= Shenyang (singer) =

Chinese bass-baritone singer (born 1984)

Shenyang (沈洋 (Shěn Yáng); born March 20, 1984) is a Chinese bass-baritone singer. His repertoire encompasses operatic roles, chamber music and Lieder recitals.

Shenyang was born in Tianjin, the son of professional musicians, but did not start singing until the age of sixteen, after his voice broke. He took inspiration from recordings of the German Lieder singer Hans Hotter. At age nineteen, he entered the Shanghai Conservatory of Music, where he studied with Zhou Xiaoyan at the Zhou Xiaoyan International Opera Center.

At the Conservatory, in early 2007 he attended a masterclass given by soprano Renée Fleming.

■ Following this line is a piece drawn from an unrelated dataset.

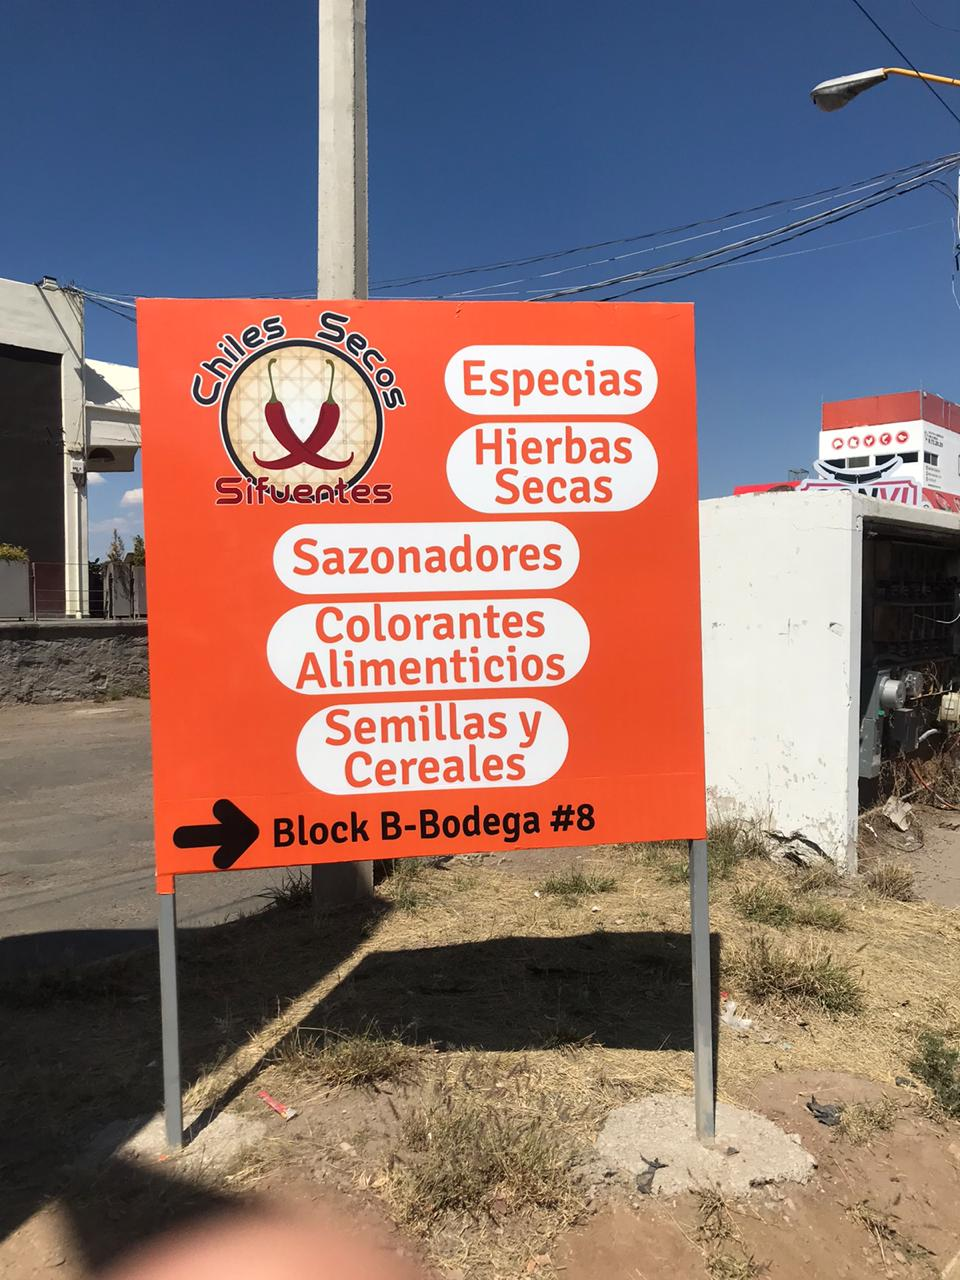 Chiles Secos Sifuentes

She arranged vocal coaching for him that spring at the Metropolitan Opera in New York, and he went on to win the 2007 BBC Cardiff Singer of the World competition. After the win, noting confusion in the Western press over the name "Shen Yang", he decided to change its spelling to "Shenyang".

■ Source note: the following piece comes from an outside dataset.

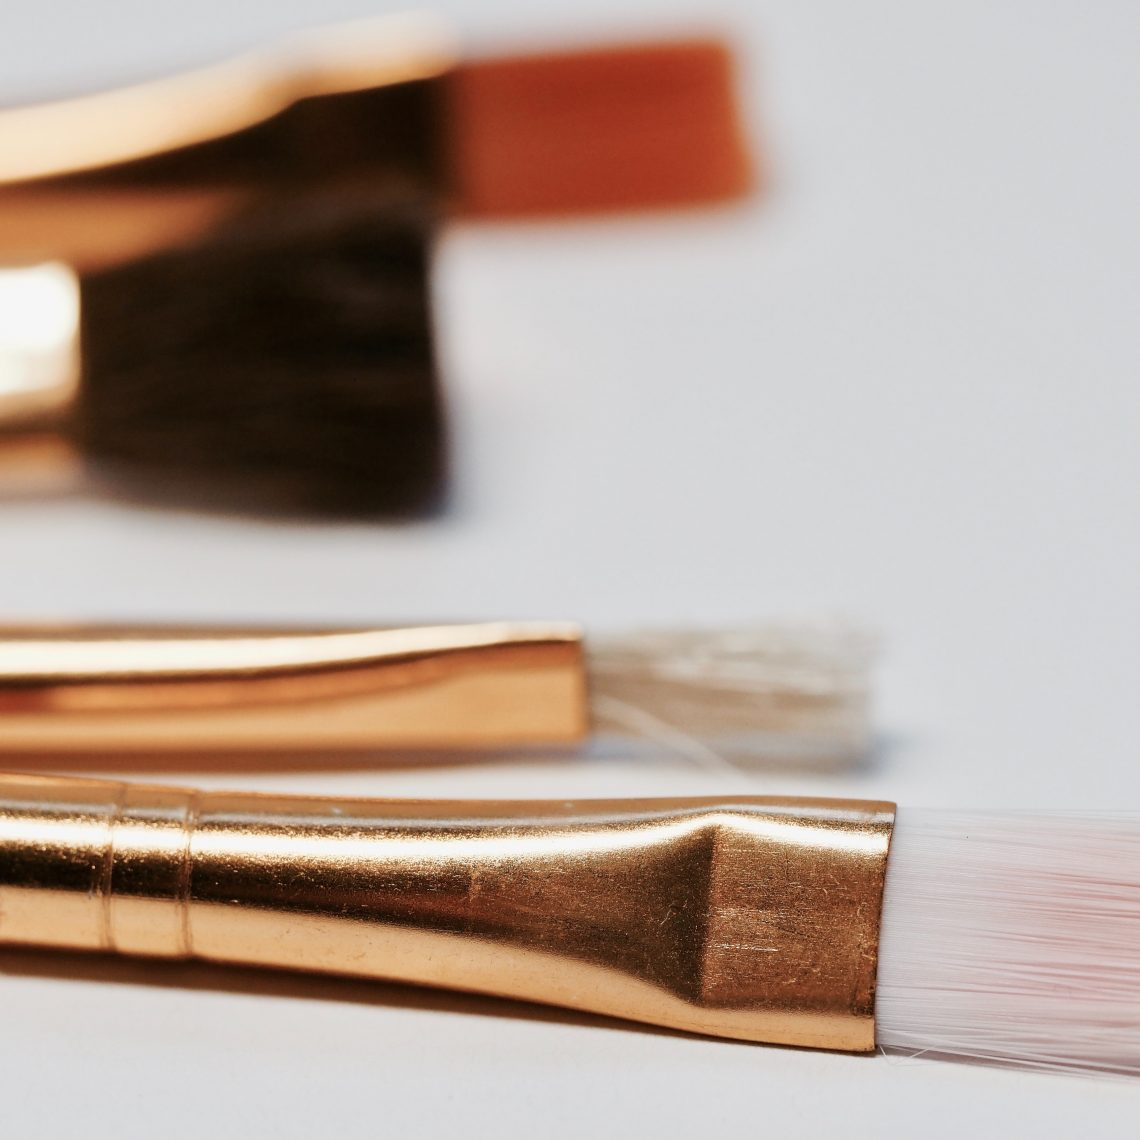 titanium dioxide   nanoparticle danger   cosmetic additive   Egyptian Organics

Subsequently, he entered the Metropolitan Opera's Lindemann Young Artist Development Program and the artist diploma program at the Juilliard School. He gave the Juilliard's 2009 Alice Tully Vocal Arts Debut Recital, in which he sang a program in tribute to Hans Hotter, marking Hotter's centenary. His debut at the Metropolitan Opera came in April 2009, as Masetto in Don Giovanni. He sang the role of Colline in La Bohème at the Met in February 2010.

Other awards he has won include a Borletti-Buitoni Trust Award in 2008, and Montblanc New Voices at Saint Petersburg's White Nights Festival in 2010.

In May 2011 he made a return visit to Shanghai to give a recital of Chinese art song at the Shanghai Grand Theatre, at which he declared his intention to promote that repertoire.